In the future, I think what we will be doing in our own practice, and more broadly across the oncology community, is using real-world evidence to help refine these data. If we can aggregate big data and look at large groups of patients that are treated according to the standard practice and see what the outcomes are, that’s probably the only way we’re going to really get enough evidence to say that Drug X is better than Drug Y in third-line therapy, because we’re just not going to have those clinical trials invested in a more formal prospective fashion.
What are some other challenges that you face in optimizing decision-making in your practice?
There are many factors that go into therapeutic decision-making, and that’s why it’s important to make it a shared decision-making experience with the patient. For instance, many women would prefer an agent that doesn’t cause hair loss, so if it’s possible, even though the first-line therapy would be a taxane, many of them will say, “Is there anything else I can do as an alternative?” Capecitabine plus trastuzumab is a non-alopecia-causing regimen, and one could say that there might not be a difference, or patients would be willing to take a slight decrease in efficacy for that reason.
Another instance would be a patient who had preexisting neuropathy, and one would not want to use a drug that caused neuropathy, because we want to preserve quality of life. This is something that pathways don’t really consider. Pathways are usually defined on first, efficacy, second, toxicity, and third, cost. But toxicity is usually thought of in terms of acute toxicities, and there are other toxicities that the patient may be more interested in.
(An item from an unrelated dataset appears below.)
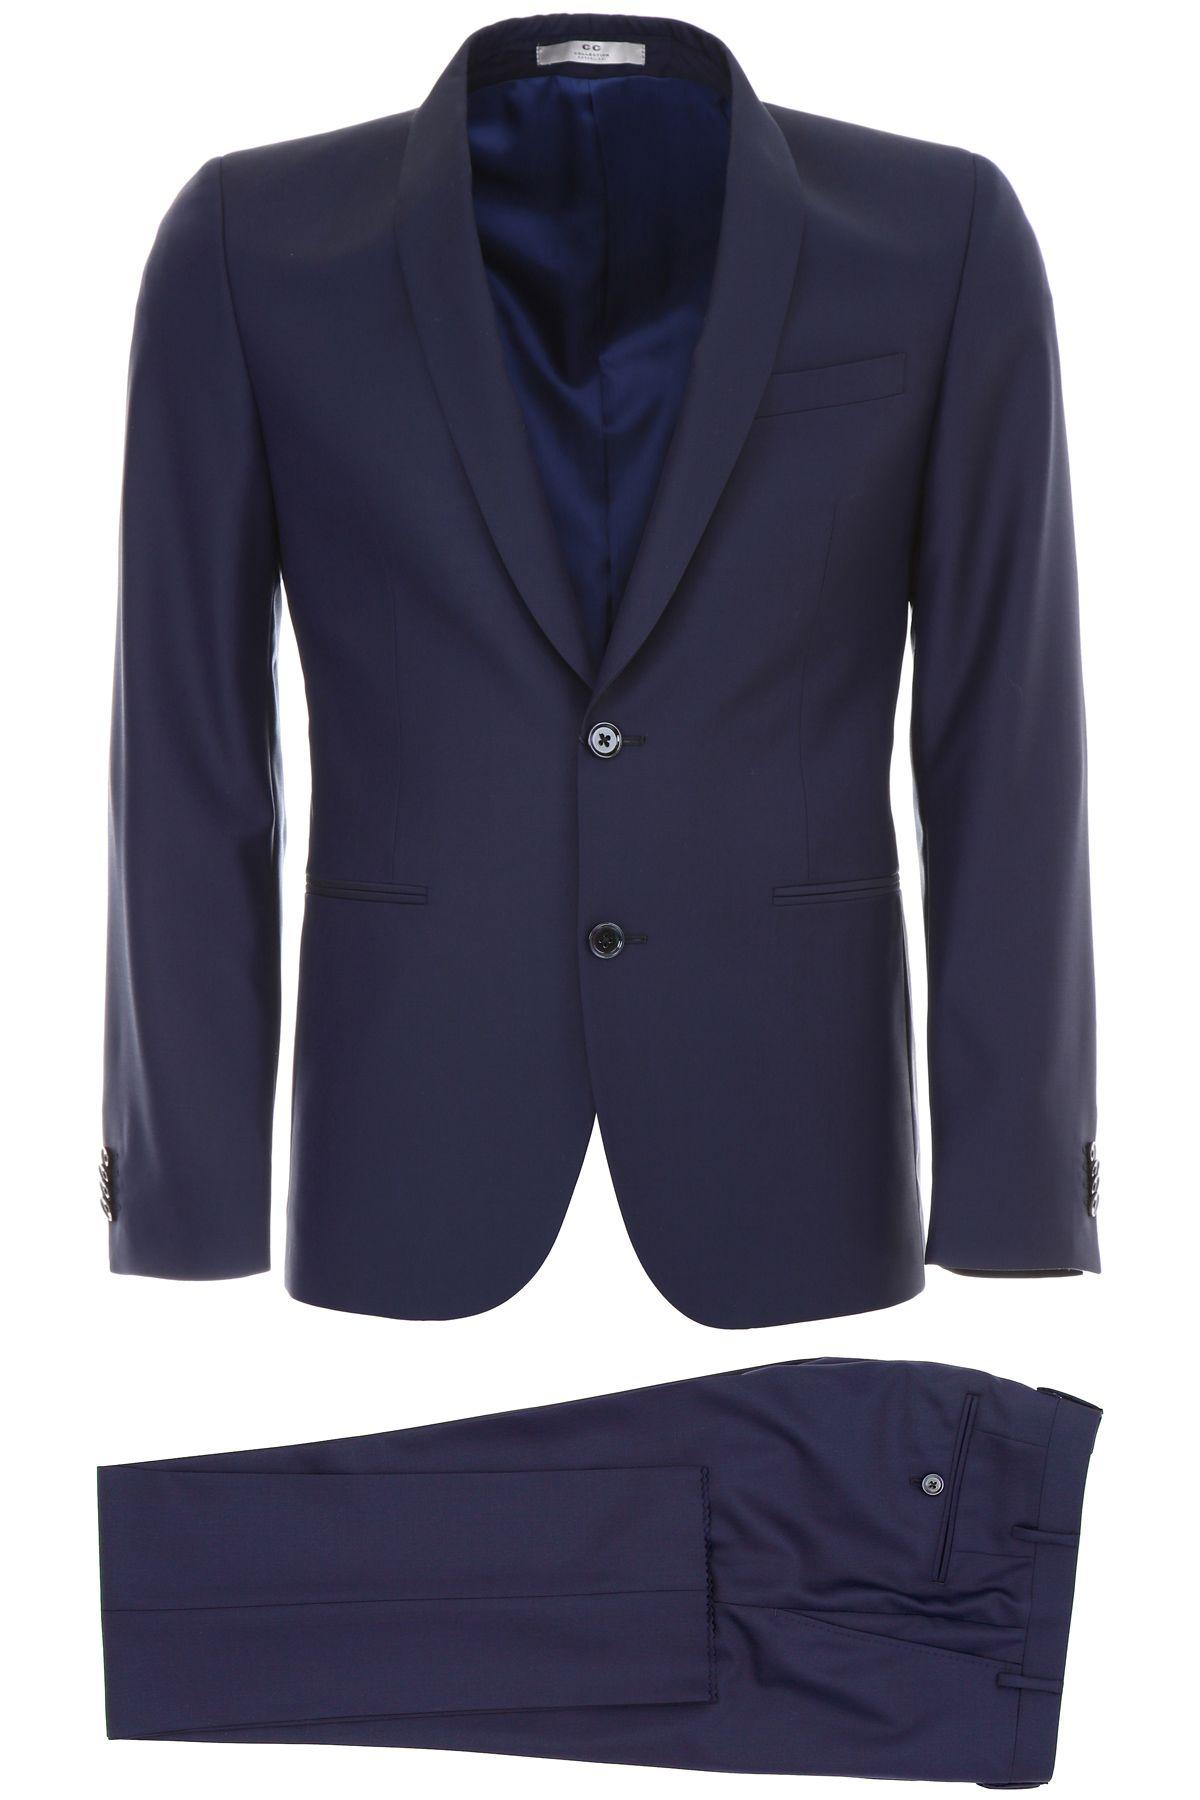 CC COLLECTION CORNELIANI Virgin Wool Suit in Blu Navy

The cost is an increasing issue for us, particularly for the orals with the copays. While there are good assistance programs, they are very difficult to navigate, and sometimes the copays are still expensive. So, I personally am seeing more issues with cost as it relates to the individual patient obligation with regard to the orals, and that does play a role in metastatic HER2-positive breast cancer as well. But cost is only a factor in terms of a priority care plan after we consider efficacy and toxicity. If both [treatment options] are equal, then we will look for the lower cost alternative.